Retail inflation, which impacts consumers more directly, also fell to a seven-month low of 3.61 per cent in February, down from 4.31 per cent in January. The retail inflation data for March is expected to be released later this evening, and analysts are watching closely for any signs of reversal in the downward trend.

 

Among key food items, vegetable prices dropped significantly, falling by 15.88 per cent in March compared to a 5.80 per cent drop the month before. Onion inflation saw a steep decline to 26.65 per cent from 48.05 per cent, while potatoes recorded a deflation of 6.77 per cent.

 

Pulses, too, remained cheaper, with a deflation of 2.98 per cent compared to 1.04 per cent in February. Cereal prices rose by 5.49 per cent, slightly down from 6.77 per cent in the previous month.

 

The Reserve Bank of India’s Monetary Policy Committee (MPC), during its latest meeting earlier this month, stated that the inflation trend is on a downward path, supported by an improved food outlook.

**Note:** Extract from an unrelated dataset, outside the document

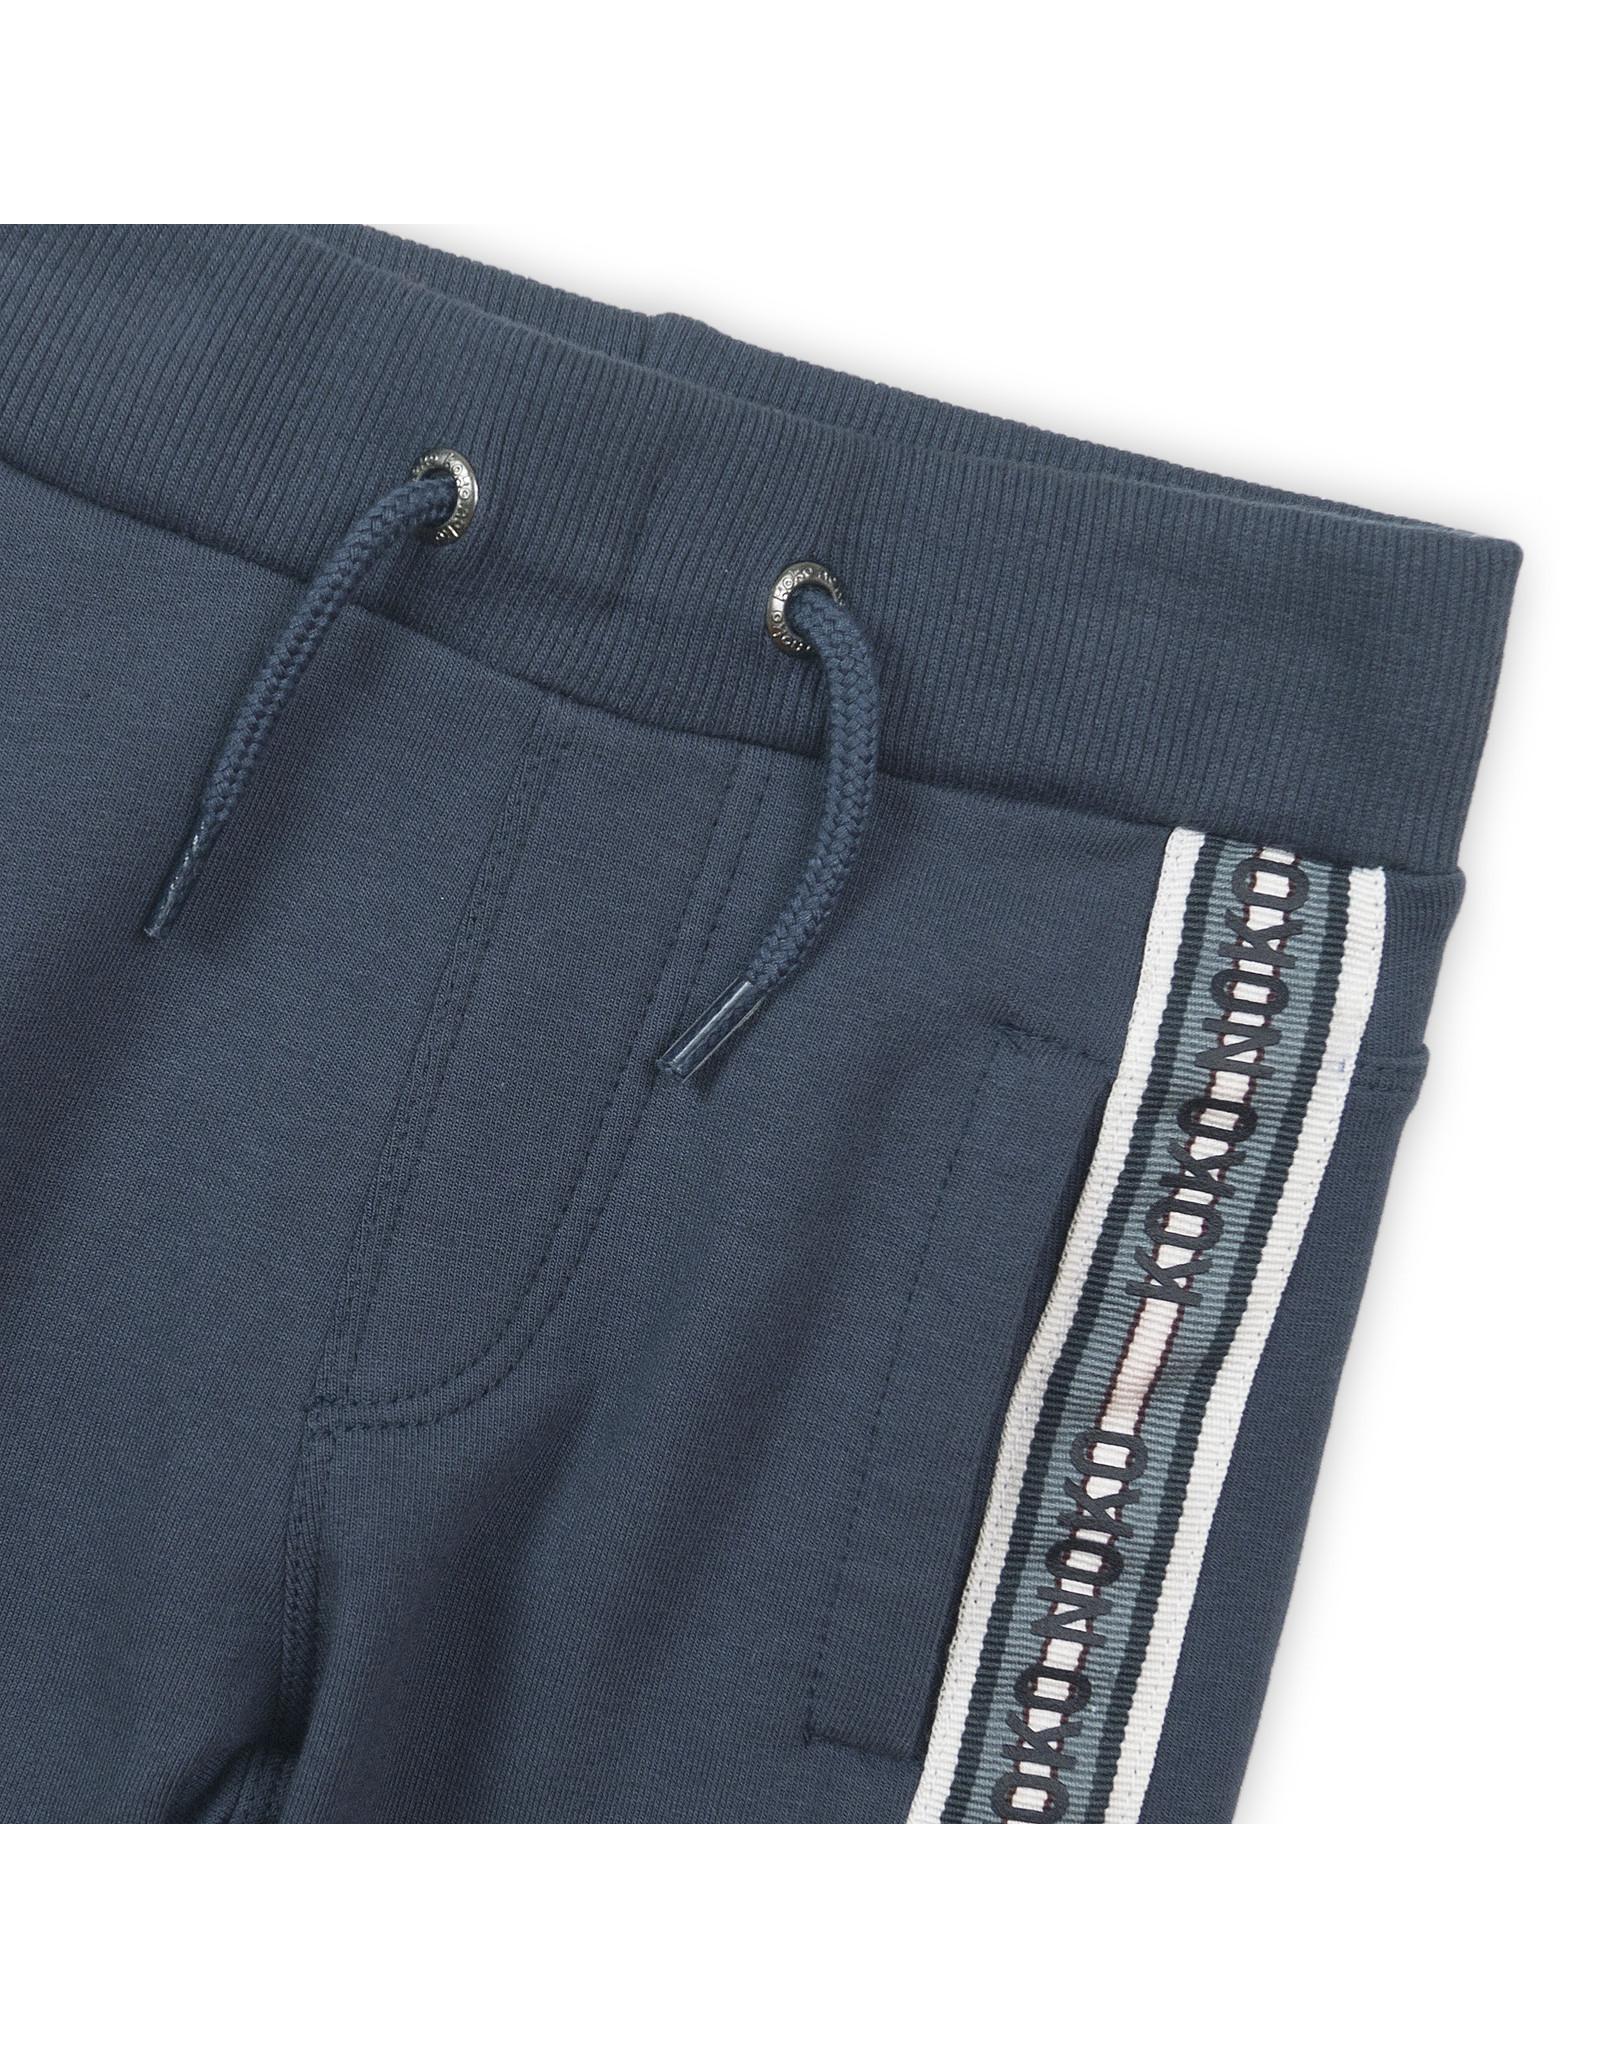 Koko Noko Jogging trousers Navy

The central bank has projected overall inflation at 4 per cent for the financial year 2025–26.

 

In quarterly terms, the RBI expects inflation to stand at 3.6 per cent in Q1, 3.9 per cent in Q2, 3.8 per cent in Q3, and 4.4 per cent in Q4. RBI Governor Sanjay Malhotra said there is now "greater confidence of durable alignment of headline inflation with the target of 4 per cent over the 12-month horizon.”

 

Despite the optimism, the Economic Survey for 2024–25 cautioned against several macroeconomic risks.

 

These include global uncertainty, exchange rate volatility, potential supply chain disruptions, and declining foreign investment. It also warned that a sharp rise in food prices could threaten overall economic stability.